DATA BELOW:
________________________
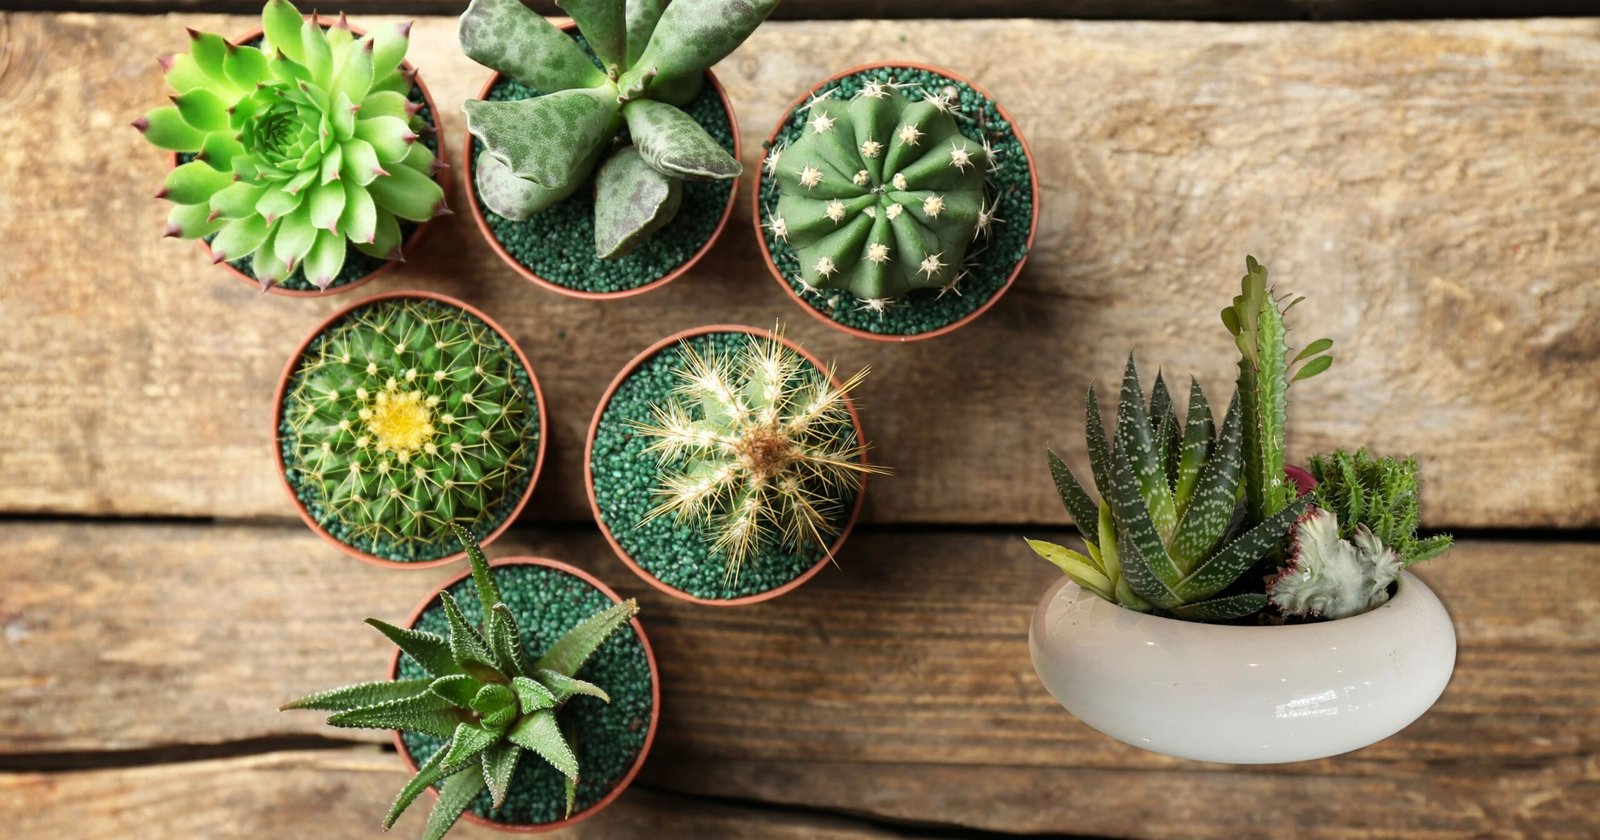 Are Succulents Poisonous To Humans
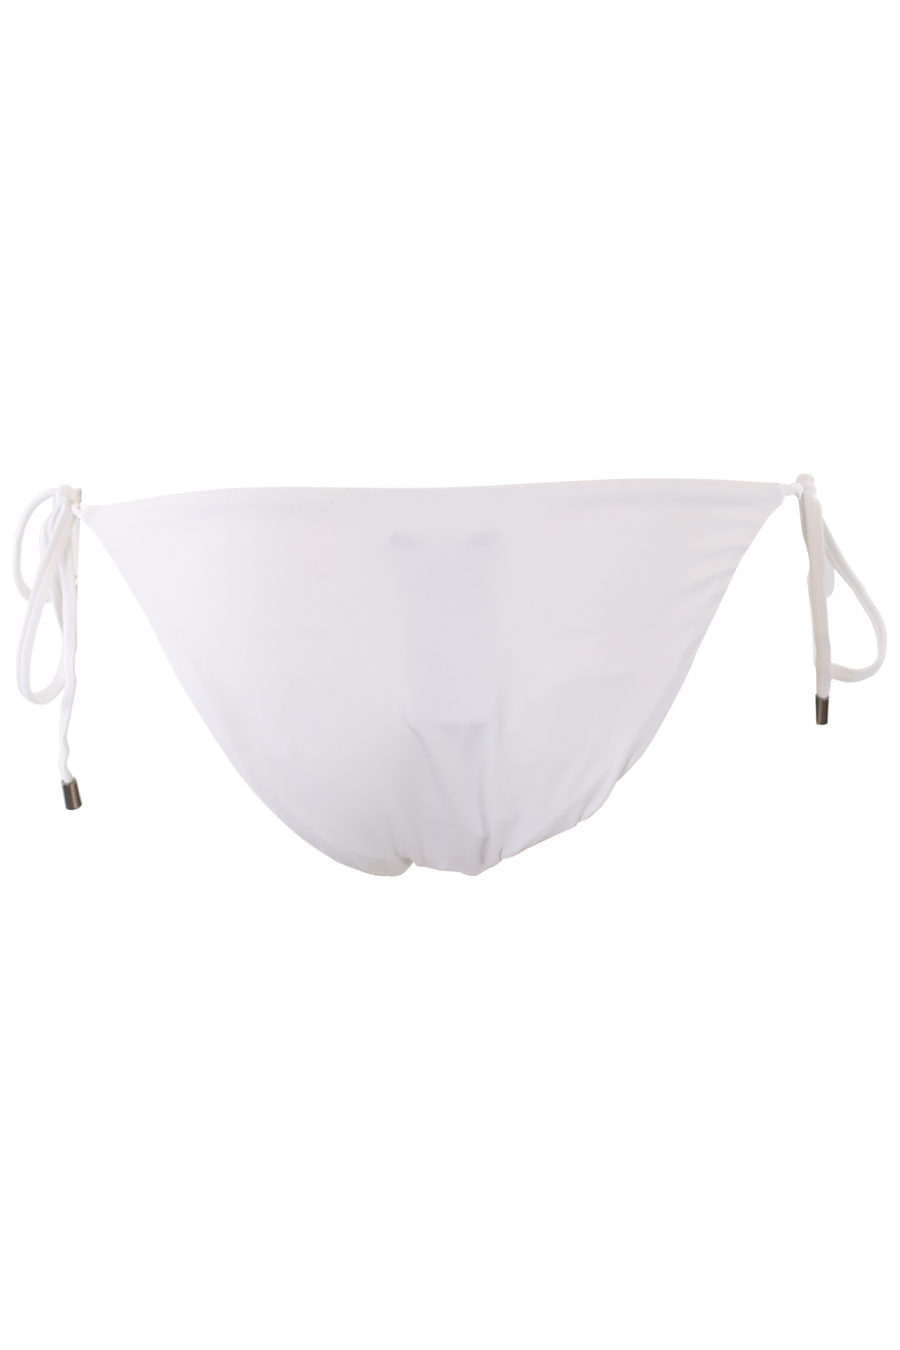 Bikini bottoms in white with lacing and small metal lettering logo - IMG 1326
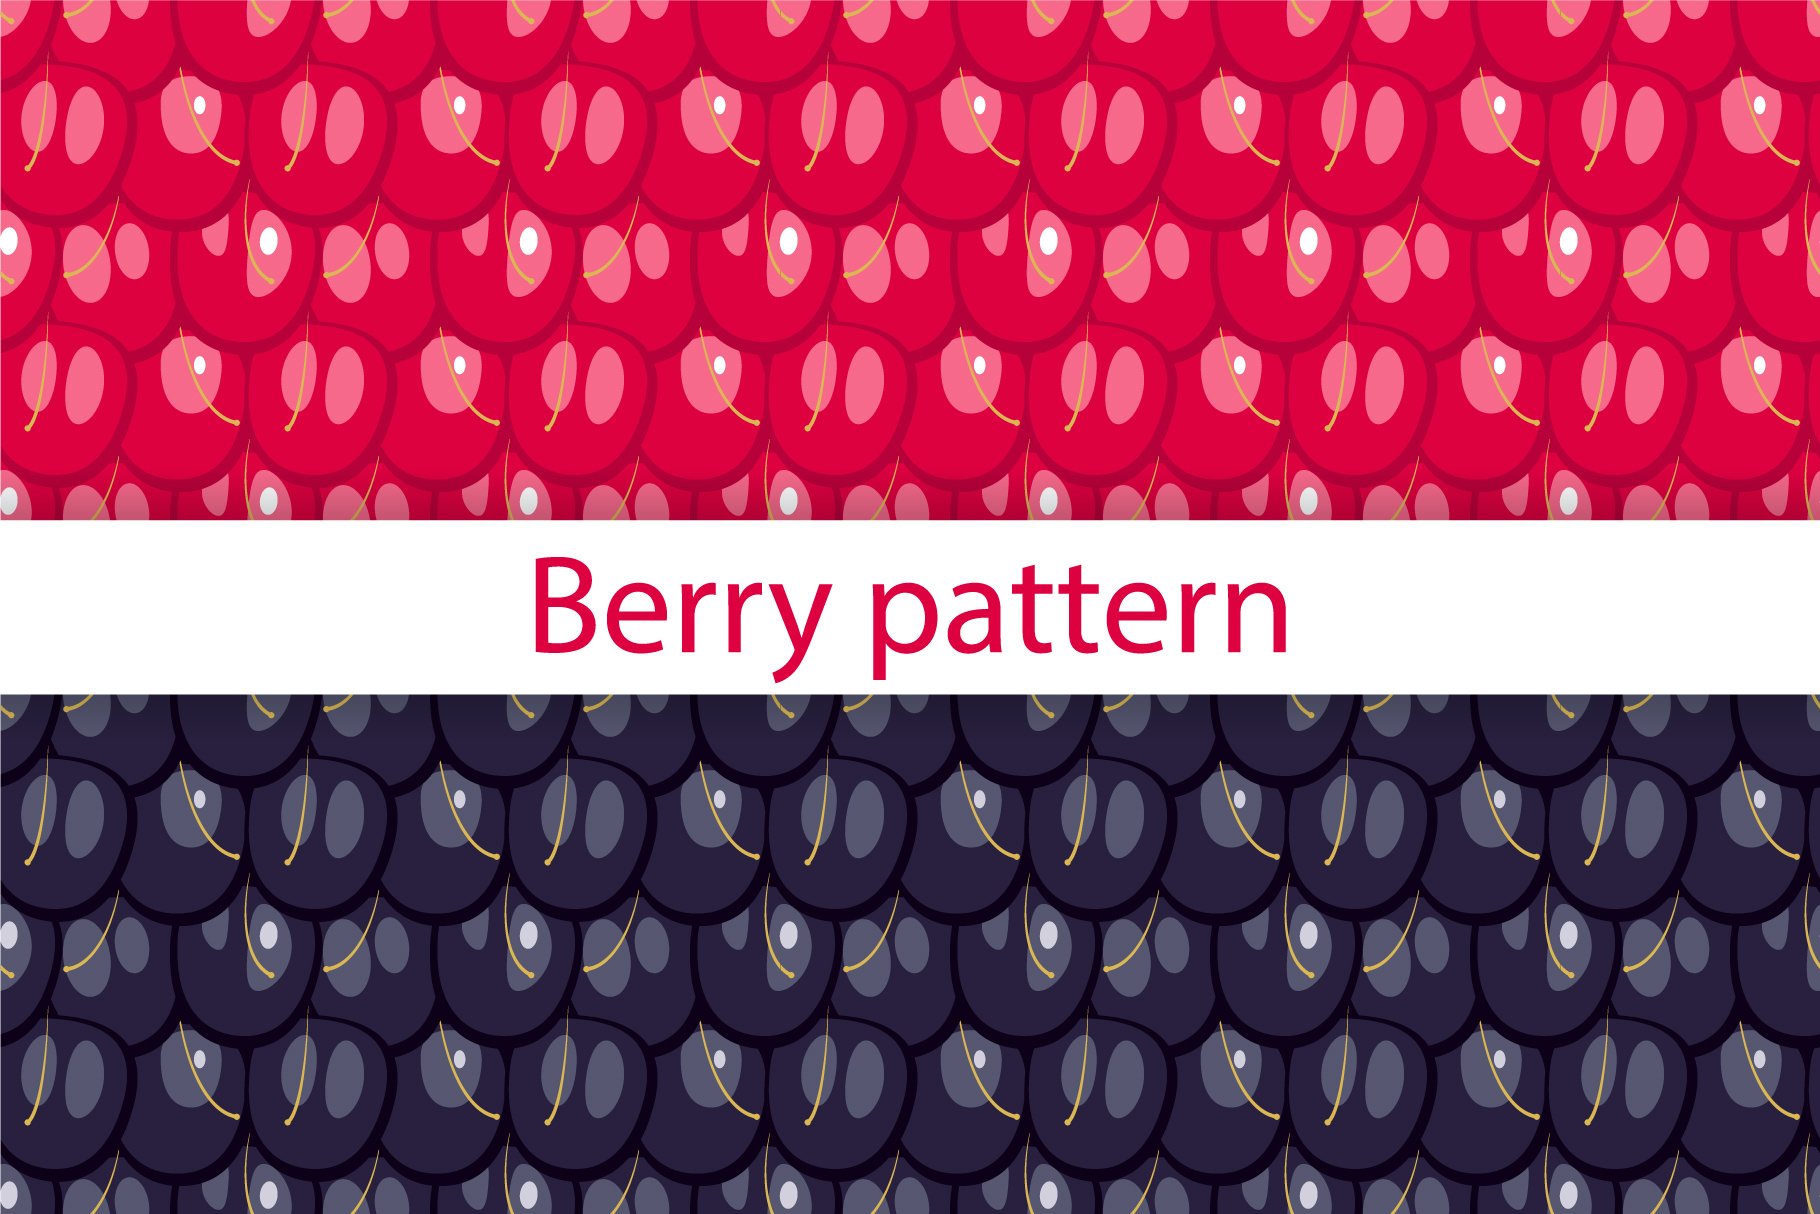 Berry texture, fruit pattern cover image.
________________________
WORK INSTRUCTION:
The result should be the material above, unchanged and free of pictures; please print it.

WRITTEN SOLUTION:
 Are Succulents Poisonous To Humans
 Bikini bottoms in white with lacing and small metal lettering logo - IMG 1326
 Berry texture, fruit pattern cover image.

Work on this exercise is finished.